It is vital that we not succumb to efforts by the same ideological forces that brought us here to spin the figures back into harmony with their discredited paradigm. Already there is talk about the alleged links between, for example, obesity and what they call "deprivation". Now they expect us to swallow the idea that poverty, once associated with emaciation, is synonymous with being overweight.
Behind the figures is a blacker picture. Fundamentally, the statistics reflect something deeper than public policy or education or even ideology: the grip of addictions on a psyche whose spiritual pilot-light has gone out, a nation suffering a creeping spiritual death.
The late great Dr Bartley Sheehan, being a coroner as well as a GP, had a doctor's wisdom about death and a coroner's wisdom about life. My journalistic questions, he told me one day as he groped my windpipe, were upside down. The puzzle, he said, was not why some people killed themselves but why the rest of us didn't. The reason we don't is that we have hope. Robbed of hope, we will find any number of exotic and roundabout ways of doing away with ourselves.
Hope is either material or spiritual and, if the latter, becomes faith.

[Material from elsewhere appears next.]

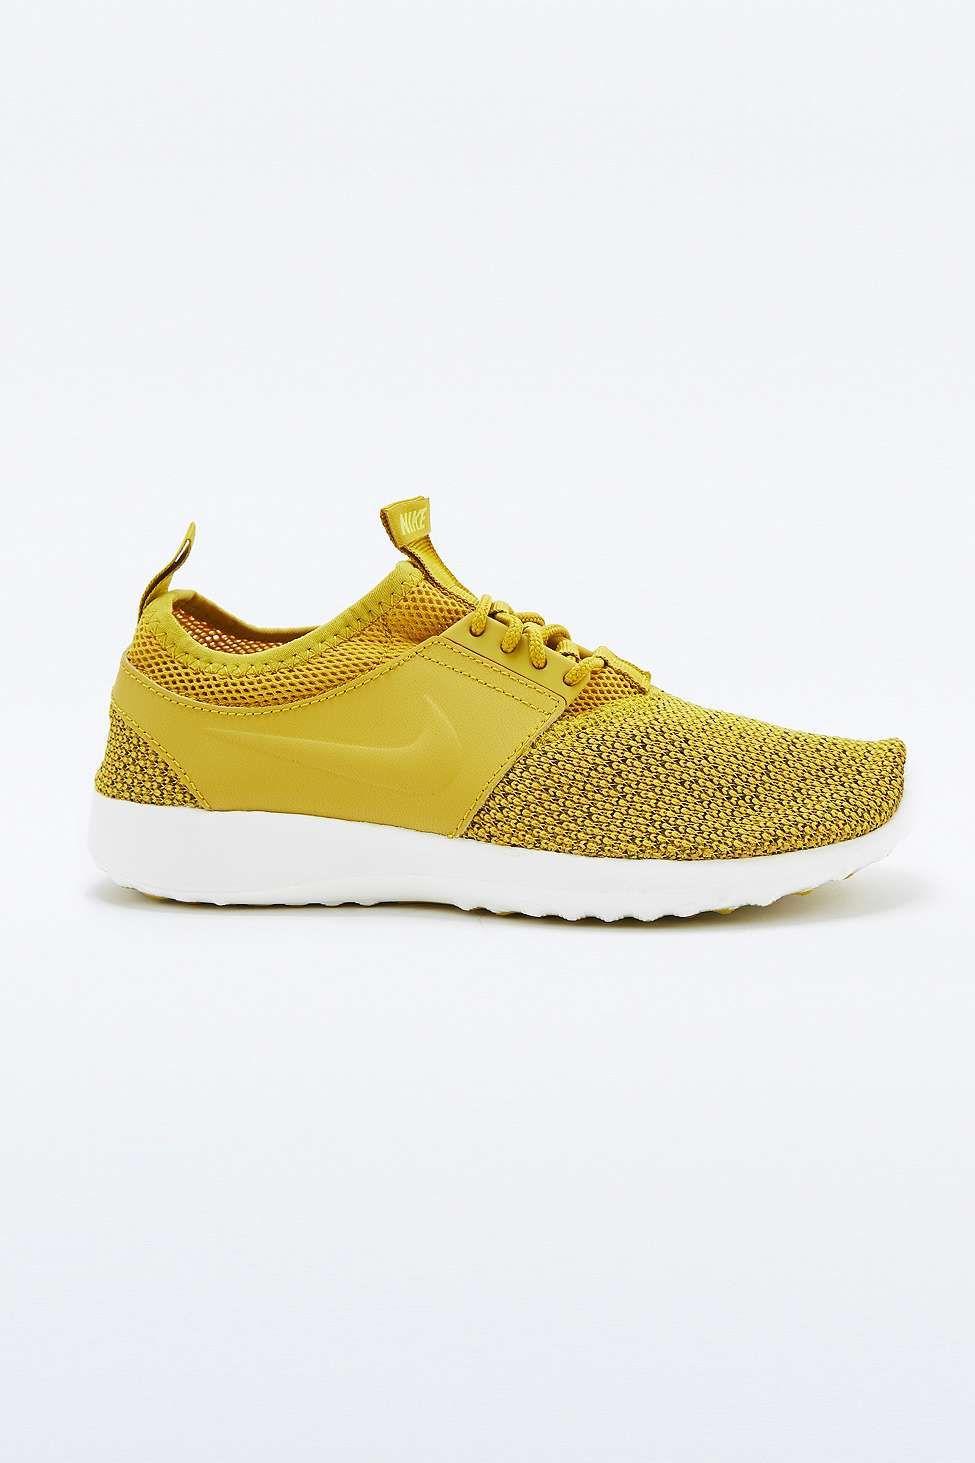 separation shoes 97472 e873b Nike Juvenate Mustard Textile Trainers
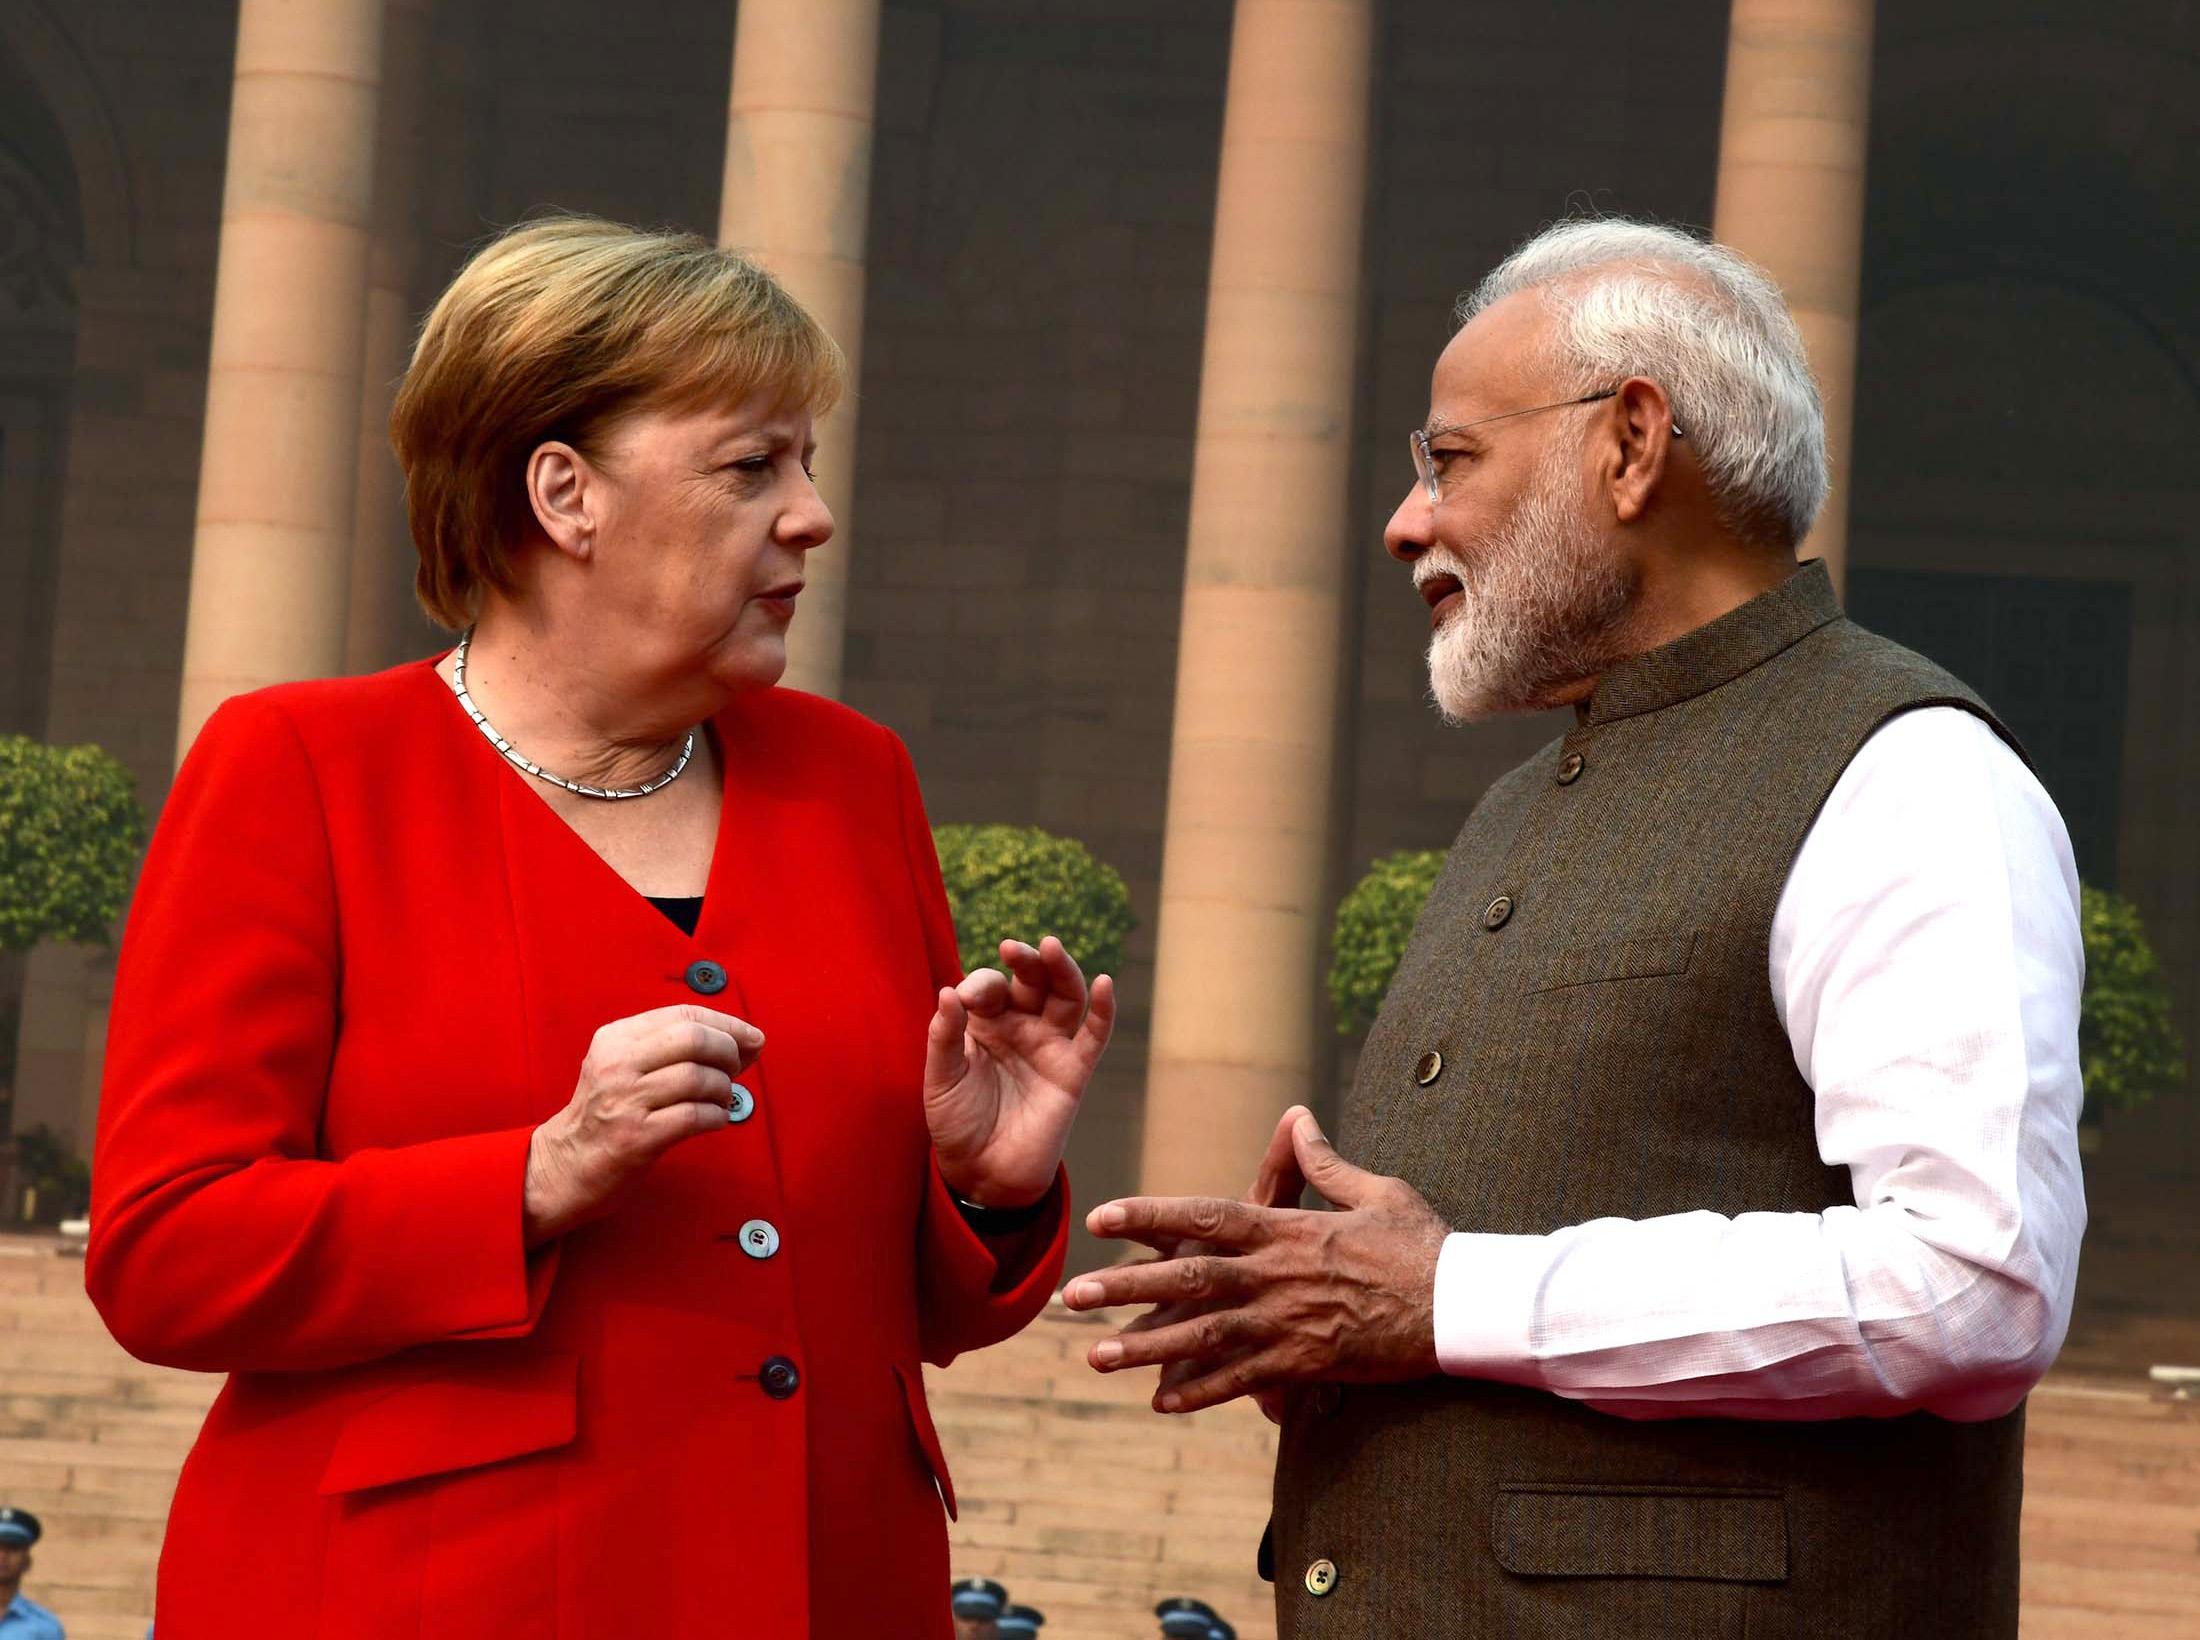 Kashmir situation 'not sustainable', needs to change, says Angela Merkel

Life without faith is an endurance made bearable only by comfort, sensation and illusion. Although the material world and its manifold mouthpieces try hard to conceal this from us, life of itself is going nowhere fast.
Without belief in something beyond, life is a headlong journey to the grave, punctuated by episodes of indulgence which are themselves part of an infrastructure of necessary illusion. We all need illusions and perhaps if I wished to indulge the unbelieving with a view to sucking them in, I might agree that the greatest illusion of all is that there is something beyond. But I would have to add that this is the one that, to say the least, damages us least.
Without that ultimate, if you like, illusion, a mortal life becomes grounded in idolatry - of money, sex, nicotine, sugar, dope, carbohy- drates or big cars.
And though we have spent the past 40 years - when we weren't busy constructing urban jungles - trying to paint God as the biggest illusion of all, in truth He is the safest, perhaps especially if He doesn't exist.
You need but to glance through last week's figures to see that somewhere in the logic flowing from Dr Sheehan's thesis lurks the explanation for everything.
If we see obesity, drunkenness and addiction as expressions of unhope arising from a confusion as to what life is - we perceive that the people in the most pain are those with the fewest choices, in this world or, in a sense, the next.
The only poverty that need concern us is poverty of spirit. The people suffering maximum pain are those who have been crammed into factory-farm estates devoid of either factories or farms, had their banks of hope and imagination burgled by bad planning and ignorant ideologies and had cavity-block walls flung between them and the possibility of illusion.
And unlike the rural poor, they also had their God confiscated by supposedly smarter minds intent upon denying them their opium in order to prove a point.
We didn't quite say, "Let 'em shoot heroin!" - but we may as well have.
Human beings need to be near to nature, as close as we get to knowledge of God. It is possible to live in the city and retain enough hope to avoid drinking, drugging or eating yourself to death, but only if you have the means to create your own illusions, worldly or otherwise: space, good neighbours, a country cottage, enough money to create enough dreams to keep at bay the sense that it is all ultimately going nowhere. Or maybe a comfortable prayer-mat stashed discreetly in the downstairs toilet.
And that's why the best arguments for decentralisation are irrational ones.